Former UPI correspondent Tony Hillstrom tells a story about a blank bank check glued to a 8 x 10-inch postboard found among Carr’s possessions. “Years earlier, he, Kerouac and Jackson Pollack were all blasted and walking through the Village about 4 a.m. when they passed a dry cleaner. There was one of those kitsch pastoral countryside reproductions in the window. Lou stopped and asked Pollack for his critique. When Pollack said something to the effect that kind of stuff was an insult to art, Lou picked up something on the street and threw it at the window. He was still working on the window, trying to get to the fake painting, when the cops showed up. The store owner was called. Eventually, the cops agreed to drop the matter if somebody paid for the window. Only Pollack had any money. He paid.

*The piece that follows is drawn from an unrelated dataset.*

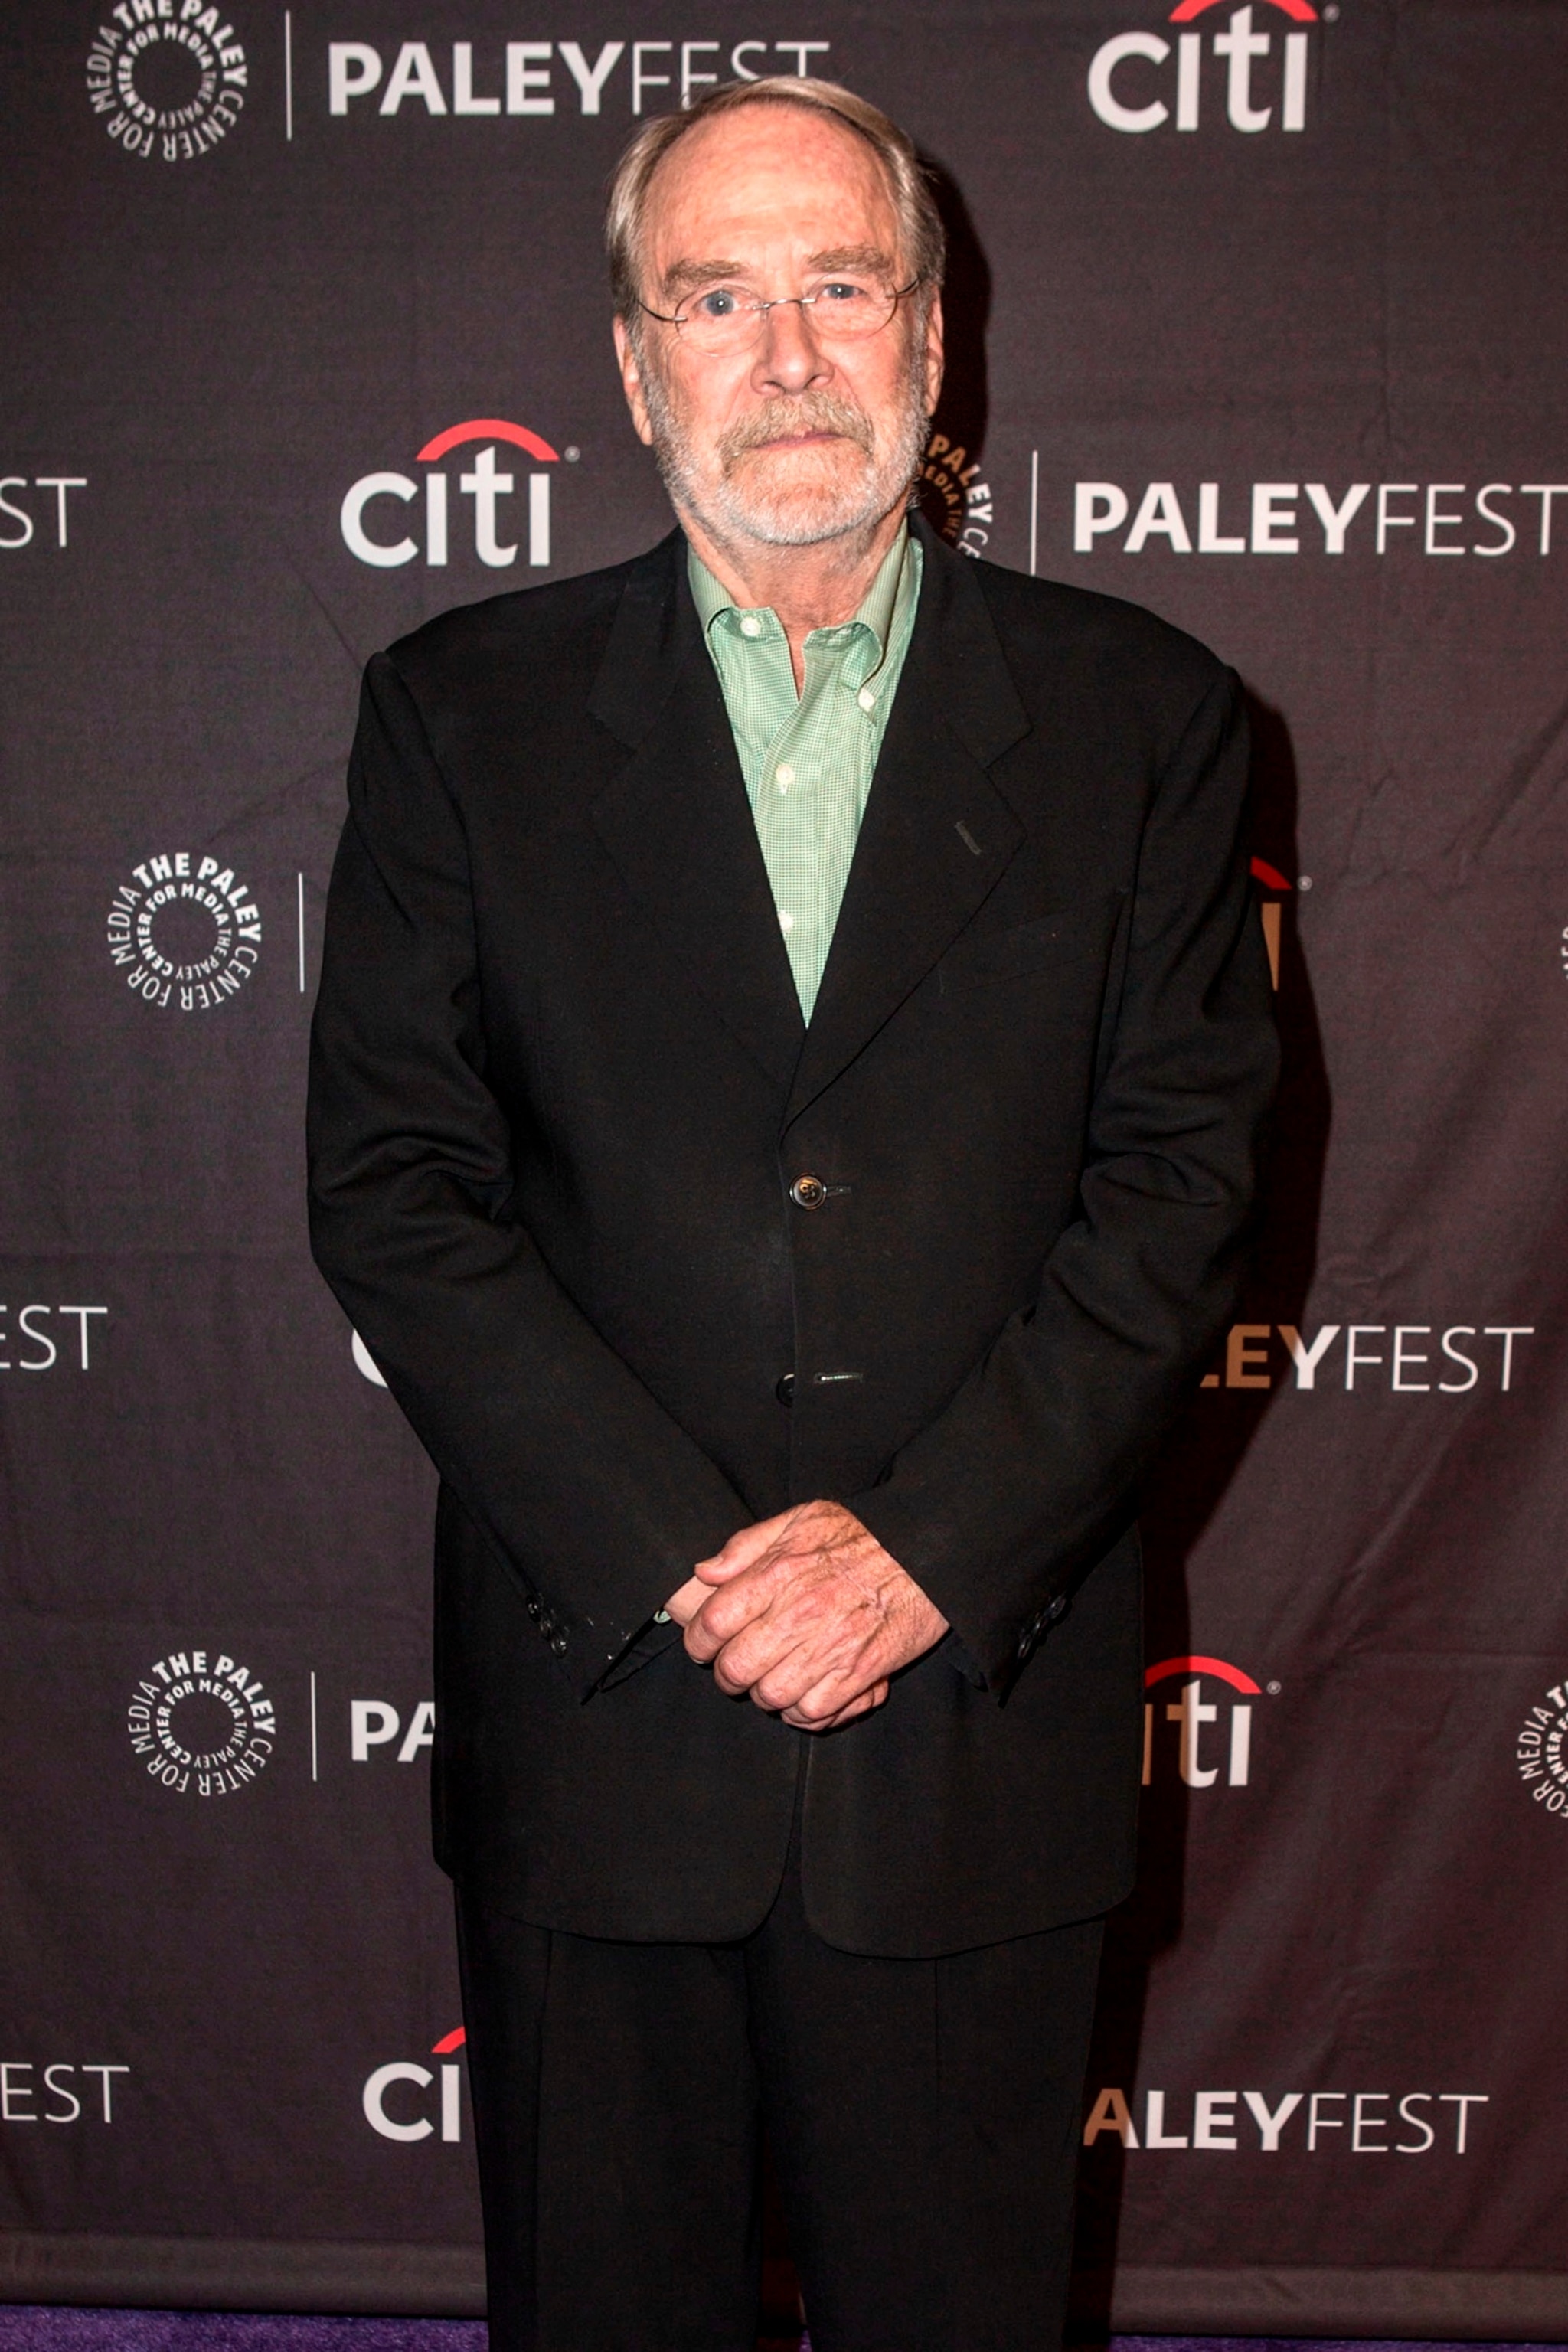 PHOTO: Martin Mull attends The Paley Center For Media's 2018 PaleyFest Fall TV Preview at The Paley Center for Media on September 13, 2018 in Beverly Hills, California.

“Lou said the next day he felt guilty and mailed a check to Pollack. Sometime later, he got the check back, ripped into pieces and integrated into a Jackson Pollack montage. ‘Do you know how much this is worth?’ I asked him. Lou shrugged. He damn well knew what it was worth,” Hillstrom said.

Carr became a legendary journalist among wire service folks. “He was unflappable, he was a terrific writer, and he had an uncanny sense of being able to catch any error before it hit the wire,” said former UPI White House Correspondent Helen Thomas. “He was a quiet man in the sense that he never bragged about his achievements or his contacts.”

Former UPI Washington Editor Jon Frandsen said Carr really had an insistence that Kerouac and Ginsberg write “sharp, short and to the point. He carried that same sort of thinking over to news. He felt news was the closest a human being could come to getting atthe truth — as a tool for people being able to change their lives. He brought that poetic sense of truth to the news business, in a way. He had a respect for the truth whether it was literal like news, or something more elusive and ehtereal.”